The bill is less than Republicans wanted: Lawmakers who tried to include a provision that would allow “drop-in” inspections at abortion centers failed to get it in the bill.

The legislation came in response to complaints about unsanitary and dangerous conditions at Planned Parenthood locations in Wilmington and Dover. In late May, two former Planned Parenthood nurses told an ad hoc committee that the centers were conducting “meat market-style assembly-line abortions” while focusing more on profitability than patient care.

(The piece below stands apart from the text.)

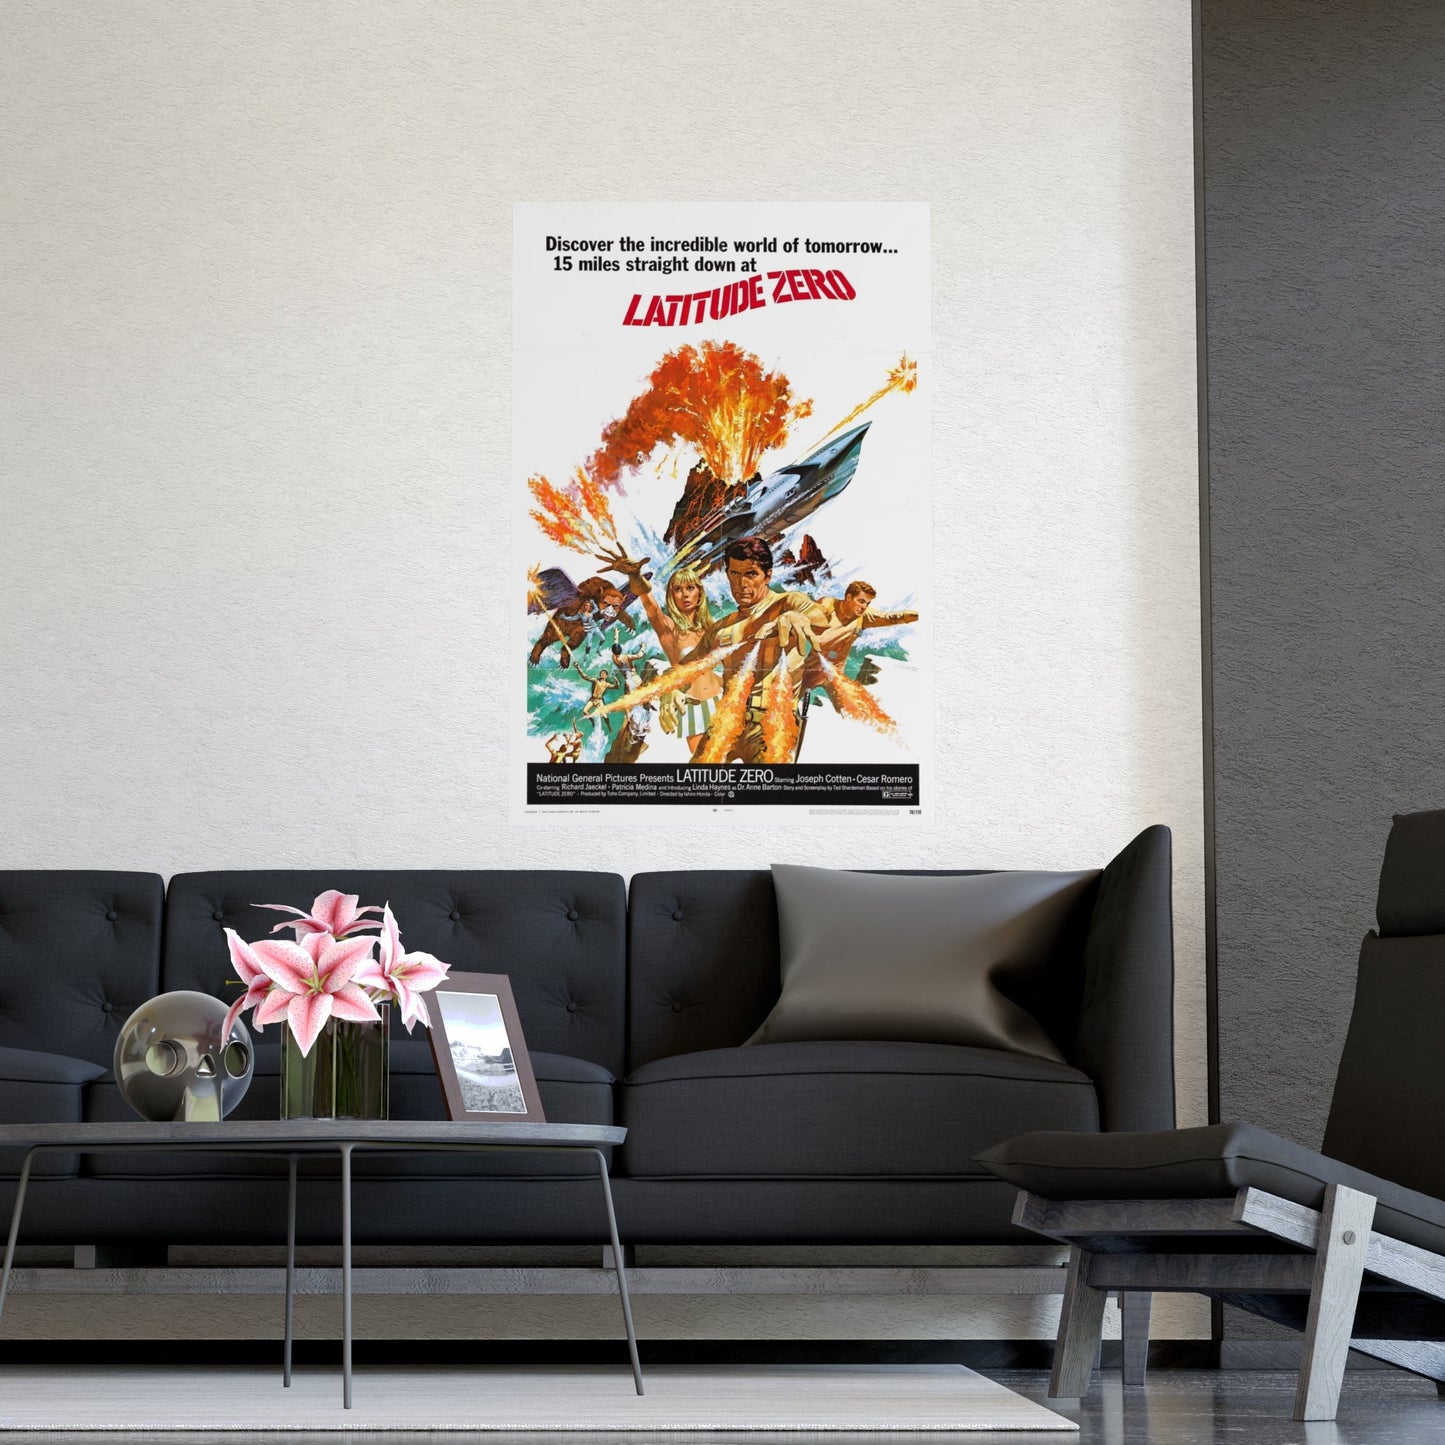 LATITUDE ZERO (2) 1969 - Paper Movie Poster-The Sticker Space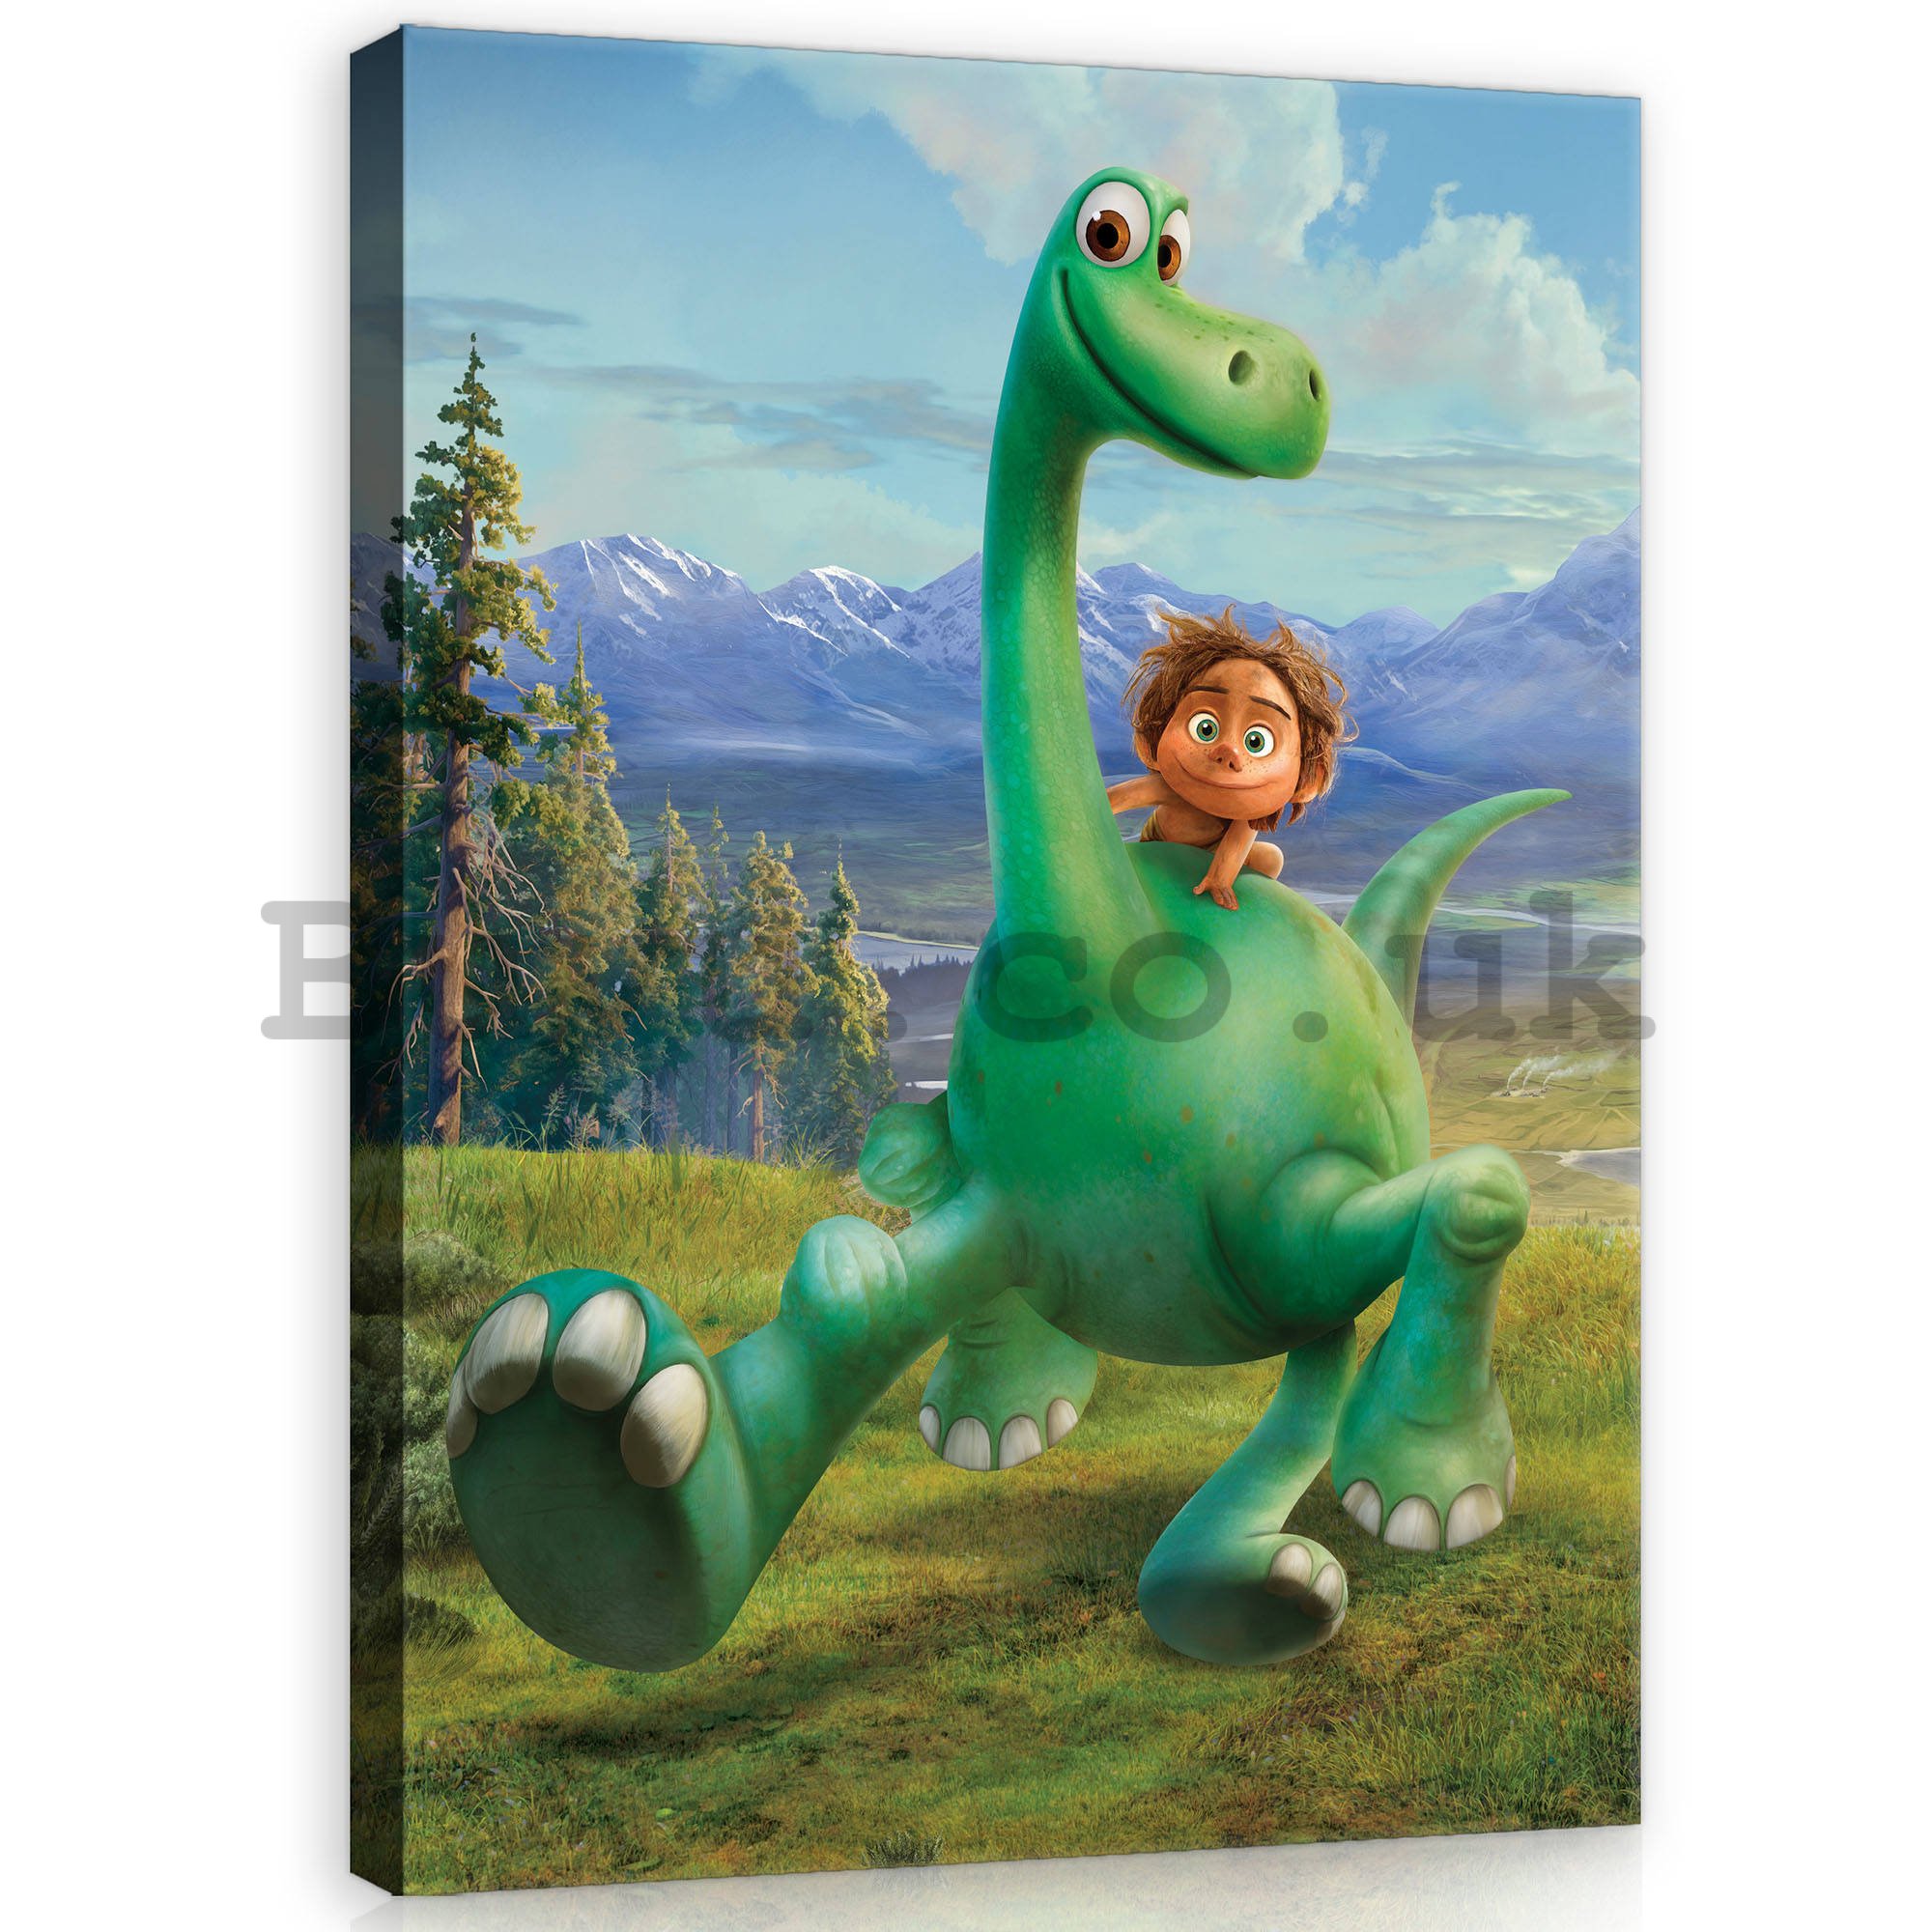 Painting on canvas: The Good Dinosaur (2) - 75x100 cm

The day after the nurses testified, state officials filed a complaint against one of the implicated abortionists, Timothy Liveright, calling him a “clear and immediate danger to the public.” Liveright surrendered his Delaware medical license in April, but he denies wrongdoing and continues to hold medical licenses in other states.

Democratic state Sen. Robert Venables, who filed S.B. 140, told me he believes surgical abortion centers should be held to the same standards as hospitals. He said if his 2011 efforts to tighten abortion regulations had succeeded, Delaware wouldn’t still be dealing with allegations of gross negligence.

“Everybody has trusted [Planned Parenthood] so much,” Venables said. “I don’t think they really realize that [Planned Parenthood’s] big moneymaker [is] abortions.”


J.C. Derrick J.C. is a former reporter and editor for WORLD.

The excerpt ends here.